US-Windpark mit Anlagen von Vestas. / Quelle: Unternehmen

15.04.13 Nachhaltige Aktien , Meldungen

Wochenrückblick für Umweltaktien

Der DAX verbesserte sich in der vergangenen Woche um 1,1 Prozent auf 7.745 Punkte. Der US-amerikanische Dow Jones Index legte zwei Prozent auf 14.865 Punkte zu. Der japanische Nikkei sprang zum Jahresausklang um fünf Prozent auf 13.485 Punkte. Der chinesische Hang Seng Index in Hongkong kletterte 1,7 Prozent auf 22.089 Punkte. Das Barrel Öl der Sorte „Brent Crude“ verbilligte sich um 6,9 Prozent auf 103 Euro. Um 5,8 Prozent auf 7.448 Dollar fiel der Preis für eine Tonne Kupfer der Qualität „Copper Grade A“. Der Euro stieg um 0,85 Prozent auf 1,3102 Dollar.

Windaktien

Der dänische Windradhersteller Vestas Wind Systems hat einen großen Auftrag aus Rumänien erhalten. Das italienisch-russische Gemeinschaftsunternehmen LUKERG Renew des russischen Ölkonzerns Lukoil und des italienischen Projektierers ERG Renew hat bei ihm 36 Windräder mit zusammen 72 Megawatt (MW) Leistungskapazität bestellt. Vestas soll die Anlagen für die Windfarm „Toplog“ in der rumänischen Region Tulcea in der zweiten Jahreshälfte 2013 liefern. Ferner wurde mit dem Unternehmen aus Århus eine Erweiterungsoption um weitere sechs Turbinen mit zusammen zwölf MW vereinbart.
Einen weiteren Großauftrag erhielten die Dänen aus Kanada. Ein Joint Venture der Kanada-Sparte des französischen Energieunternehmens EDF EN und des Grünstromprojektierers Enbridge Inc. bestellte 166 Windräder vom Typ V100-1.8 MW. Für 20 Jahre soll Vestas beim Windpark Blackspring Ridge auch den Service und die Wartung übernehmen. Den Bau der Anlagen für den Windpark nahe Lethbridge in der Region Alberta will Vestas in 2014 beenden.
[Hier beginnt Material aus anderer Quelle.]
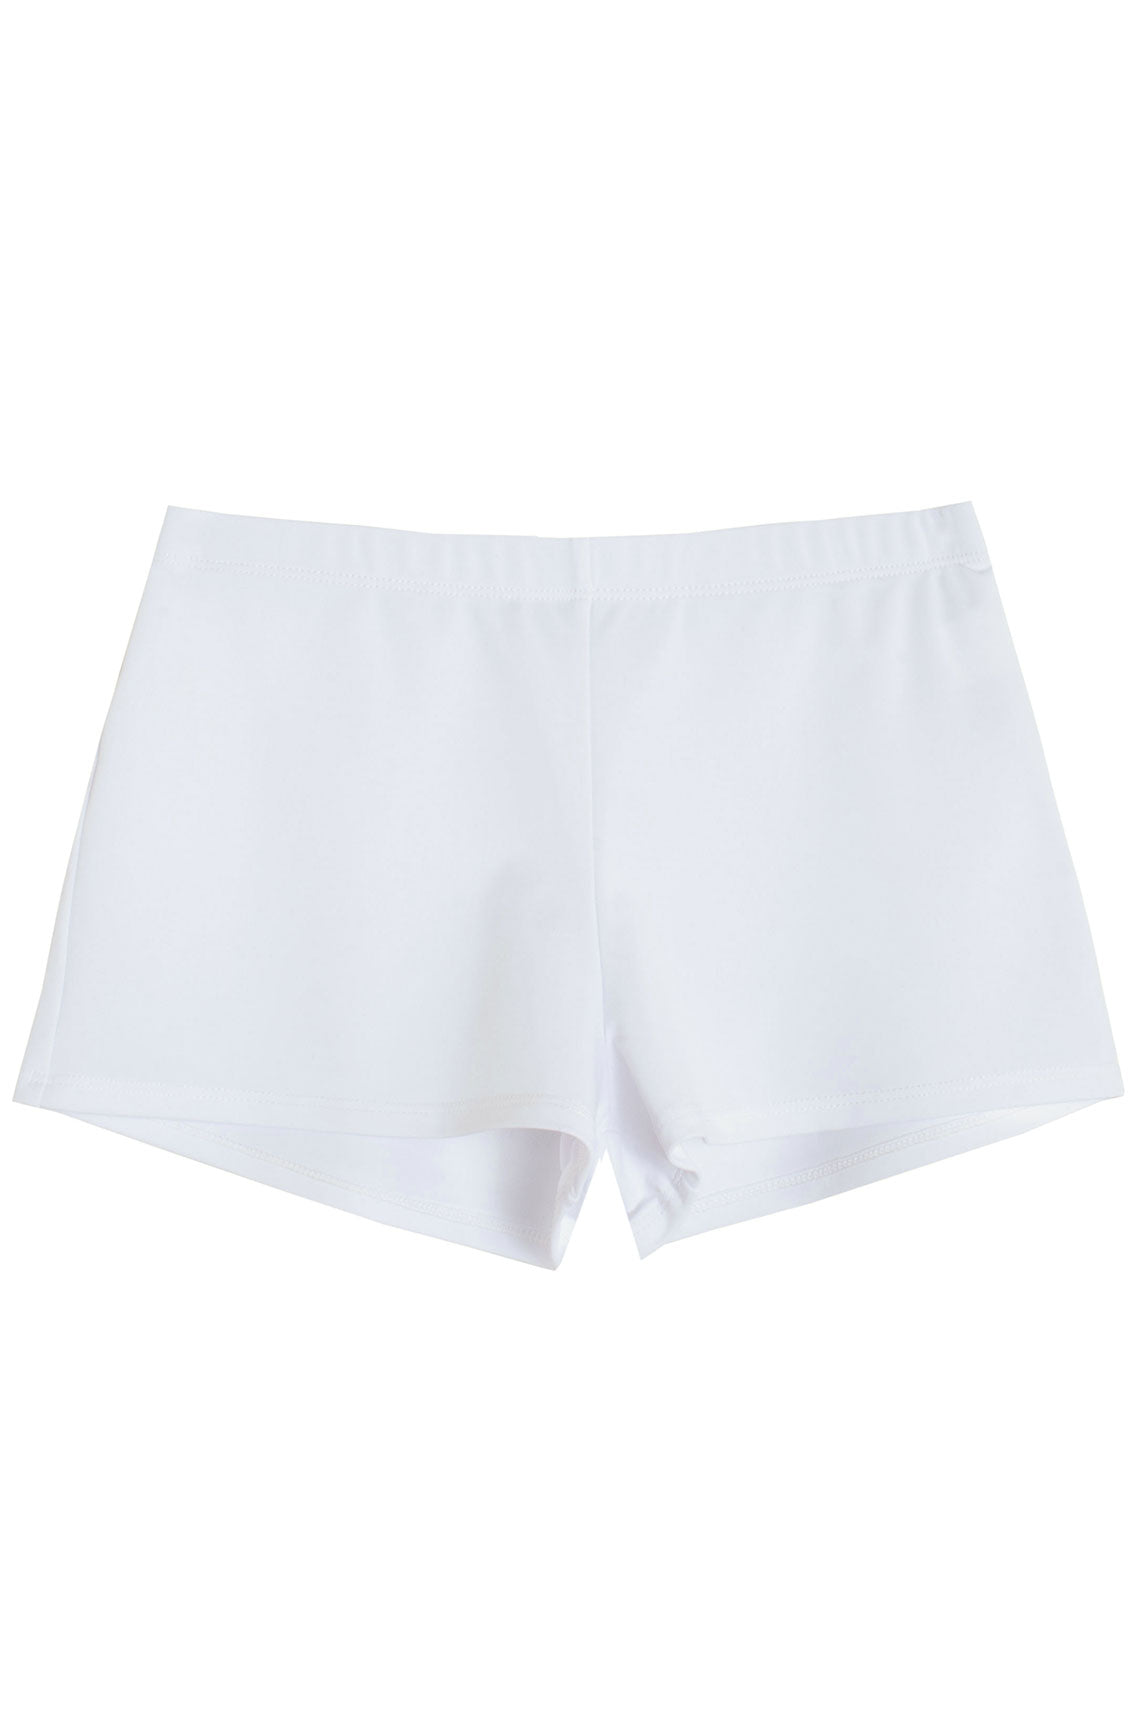 White Eldorado Shorts
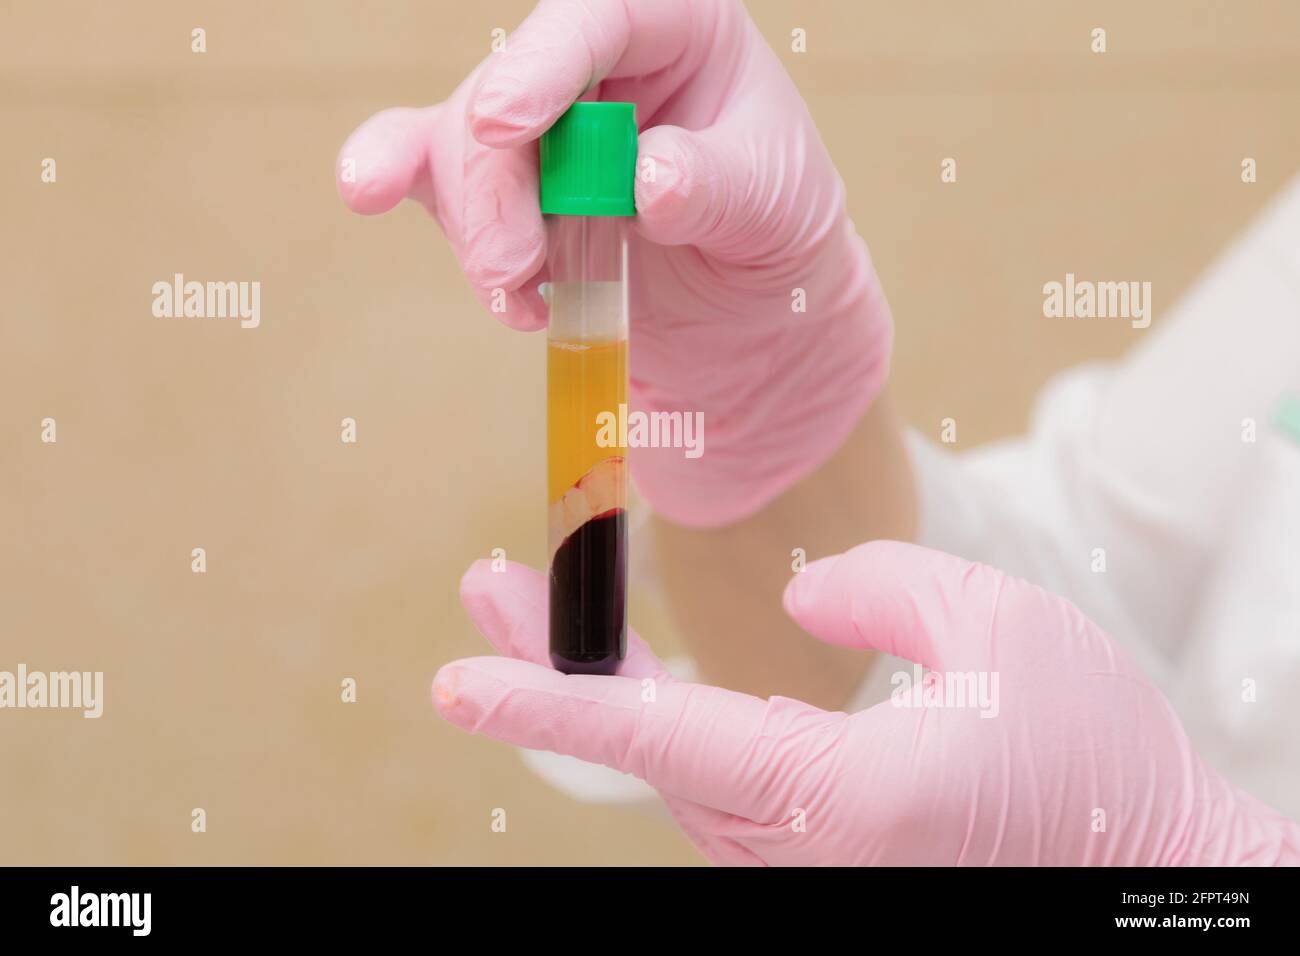 Un tube à essai avec du plasma sanguin dans la main d'un spécialiste. Plasmolifting, cosmétologie médicale. Banque D'Images
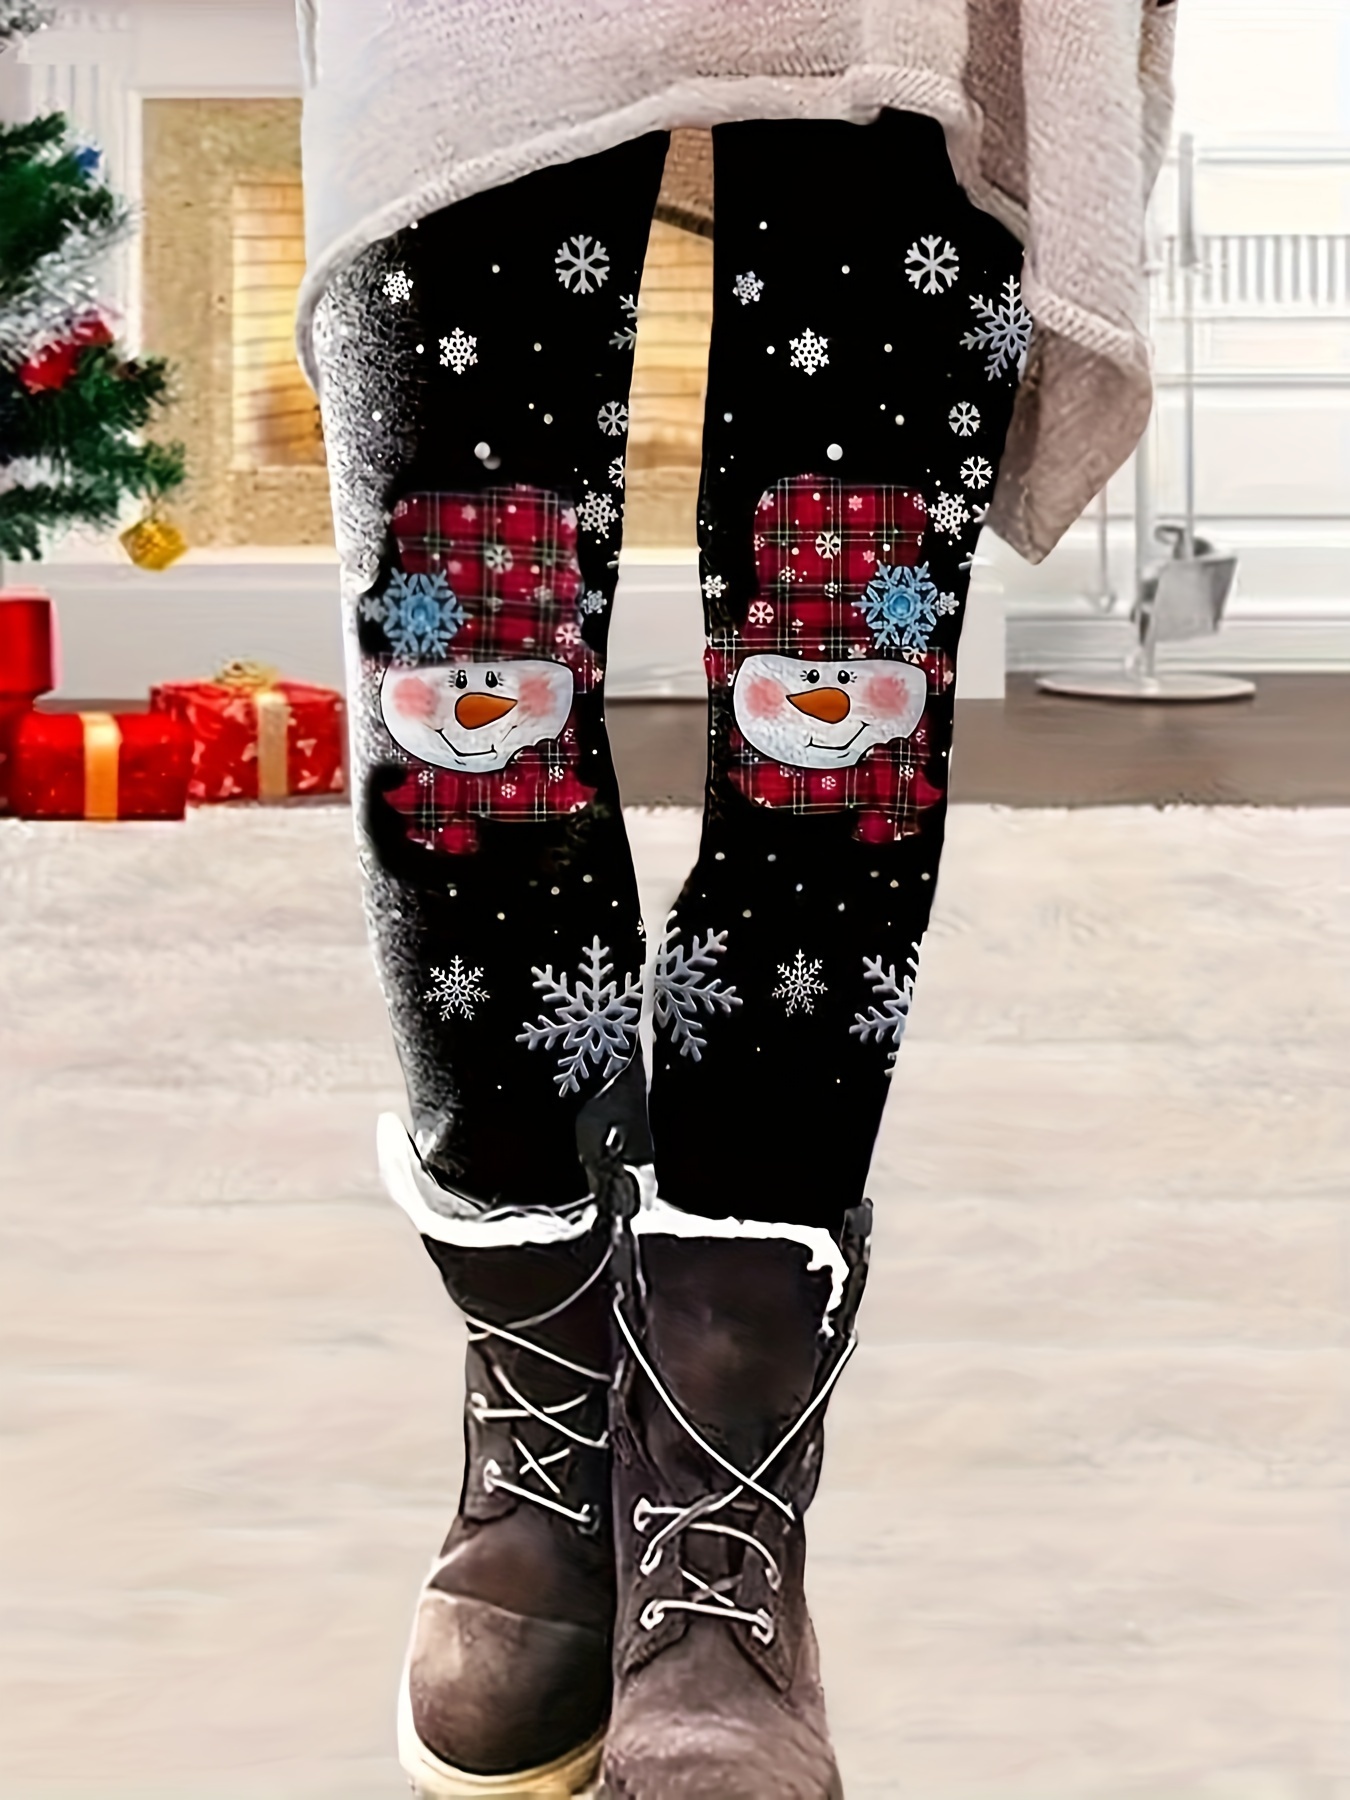 XMAS Leggings Womens Christmas Elastic Snowflake Pants Stocking

Einen Vertriebserfolg in Irland meldete der Windkraftanlagenhersteller Nordex SE. Das Unternehmen aus Hamburg hat dort nach eigenen Angaben den Projektentwickler Element Power als Neukunden gewonnen. Für ihn soll Nordex den Windpark 'Monaincha' mit 15 Anlagen ausstatten. Damit wird Nordex nach eigenen Angaben in Irland eine Kapazität von 427 MW erreichen. Die Errichtung des Windparks nahe der Stadt Roscrea soll im April 2013 starten. Eigentümer des Windkraftwerks ist laut Nordex der Finanzinvestor BlackRock.

Der wind 7 AG aus Eckernförde liegen jetzt die offiziellen Zahlen für das Geschäftsjahr 2012 vor. Demnach wurde laut dem geprüften Jahresabschluss ein Jahresüberschuss von 143.000 Euro erwirtschaftet. Dieser Wert liegt deutlich über den vorab gemeldeten 120.000 Euro. Im Vorjahr waren lediglich 38.000 Euro erreicht worden. Den Jahresabschluss sowie den freiwillige Bericht des Vorstands zum Geschäftsjahr 2012 will die wind 7 AG im Geschäftsbericht am 30. April 2013 veröffentlichen. Das Unternehmen betreibt für sich und als unabhängiger Betriebsführer für ihre Kunden über 100 Windenergie- und Photovoltaikanlagen in Deutschland und Spanien.

Solaraktien

Die Capital Stage AG hat den Kaufvertrag für einen weiteren Solarpark in Deutschland unterzeichnet. Das neun MW starke Sonnenstromkraftwerk befindet sich auf einer 25 Hektar großen Fläche in Mecklenburg-Vorpommern und speist bereits Sonnenstrom ins Netz ein. Über den vereinbarten Kaufpreis wurde Stillschweigen vereinbart. Mit dem Zukauf verfügt die Capital Stage AG insgesamt über Windkraft- und Solaranlagen in Deutschland und Norditalien mit 185 MW Leistungskapazität.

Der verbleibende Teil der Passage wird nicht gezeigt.